通过附加两个int的二进制表示来创建double

Question

I'm trying to create a double by appending the binary representations of two int s. This is what I have now:

int i = arc4random();
*(&i+1) = arc4random();
double d = *(double*)&i;

I hoped the double pointer would also use the value in the &i+1 address, and this is indeed the case. When I print the binary representations of i and *(&i+1) and compare them to the binary representation of d , d is composed by appending *(&i+1) and i . So *(&i+1) comes first?! Why is this the case?

EDIT: also take a look at the answers of Juan Catalan and Mark Segal to know what's the right way of doing what I did using unions.

Answer 1

Use a union instead. You still could generate a NaN But won't have memory management issues.

This is the whole purpose of a union , share a memory block among several different types.

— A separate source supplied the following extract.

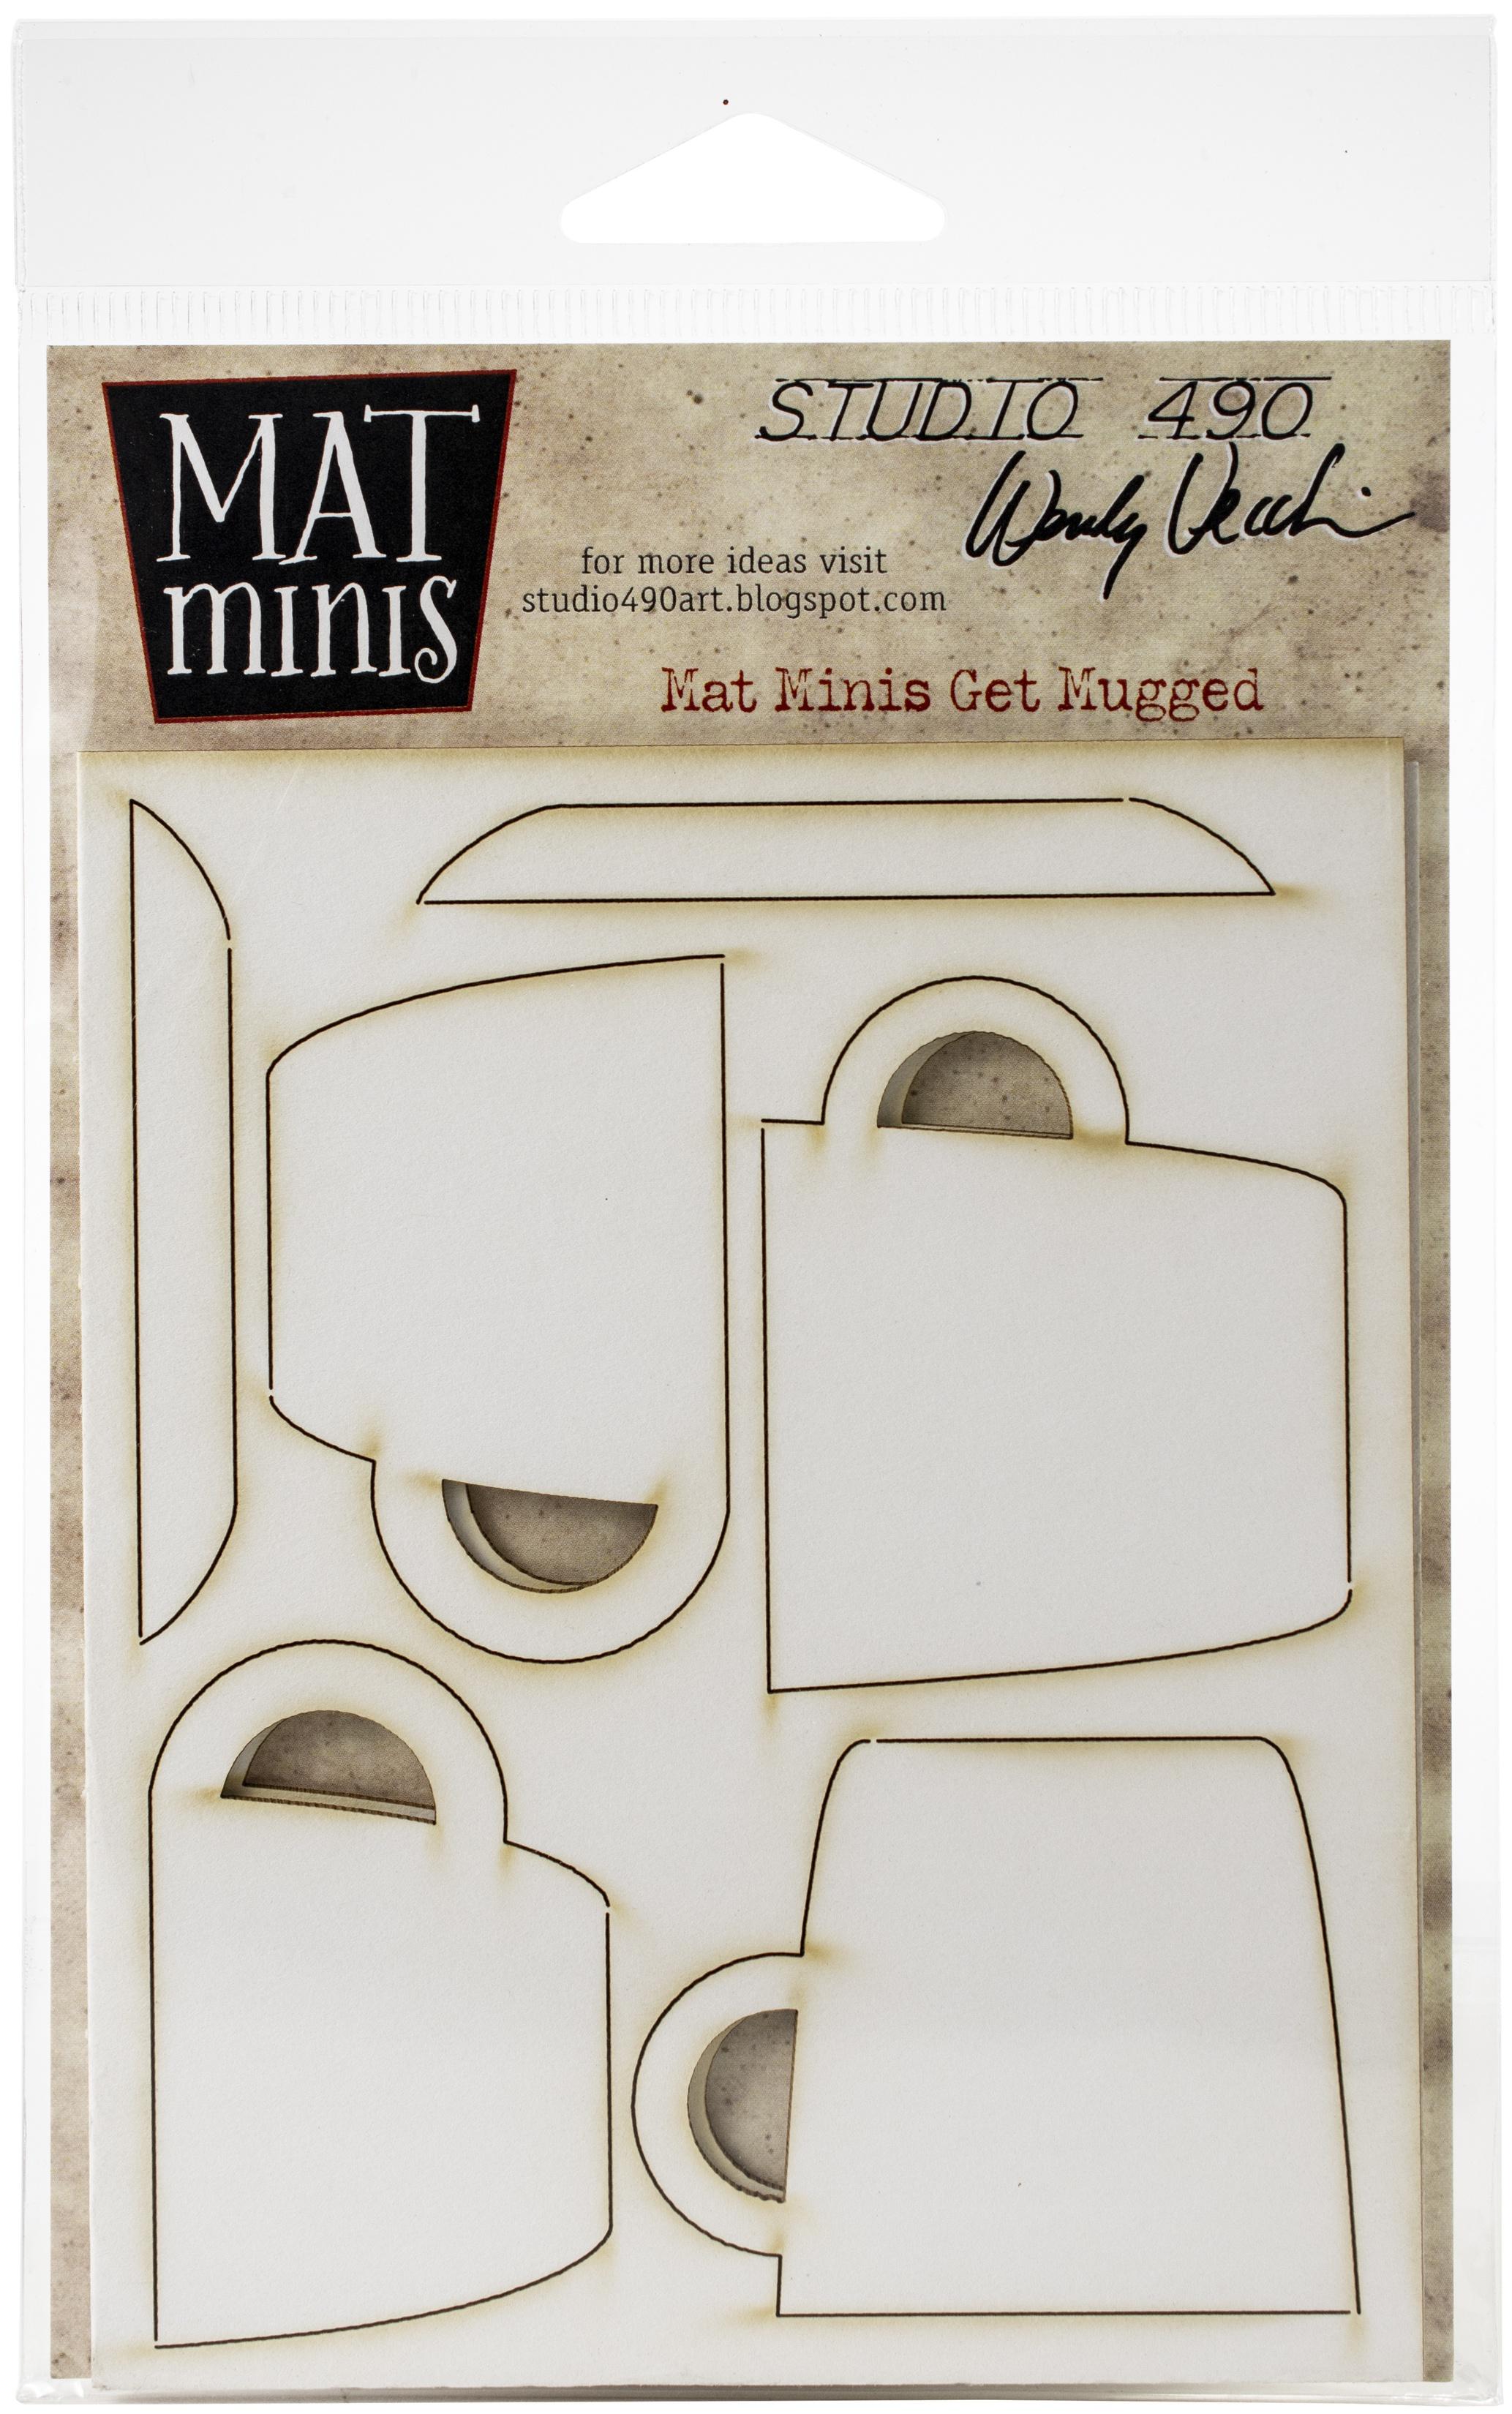 Studio 490 - Wendy Vecchi Laser Cut Mat Minis - Get Mugged

Make sure in your architecture sizeof(double) is equal to twice sizeof(int)

Answer 2

You could either use a union, like this:

typedef union {
    double d;
    struct {
        int a;
        int b;
    } integers;
} double_generator;

int main(void) {
    double_generator g;
    g.integers.a = arc4random();
    g.integers.b = arc4random();

    // g.d is now a "randomly generated double"

    return 0;
}

Or "manually", possibly unsafely, do the job yourself:

int main(void) {
    double d;
    *((int *)&d) = arc4random();
    *(((int *)&d) + 1) = arc4random();
    printf("%f", d);
    return 0;
}

In both cases, you simply address the same memory as if it was int or double . This could generate every possible double value, including NaN or Infinity .

However, this code assumes that sizeof(double) is (at least) twice as sizeof(int) . If it isn't, you must introduce different code to handle that.

Answer 3

When I print the binary representations of i and *(&i+1) and compare them to the binary representation of d, d is composed by appending *(&i+1) and i. So *(&i+1) comes first?! Why is this the case?

the actual ordering of the bytes depends upon the 'Endian-ness' of the underlying hardware architecture.

with little Endian architecture:

1) the lowest address byte contains the least significant 8 bits of the total variable  
2) the highest address byte contains the most significant 8 bits of the total variable.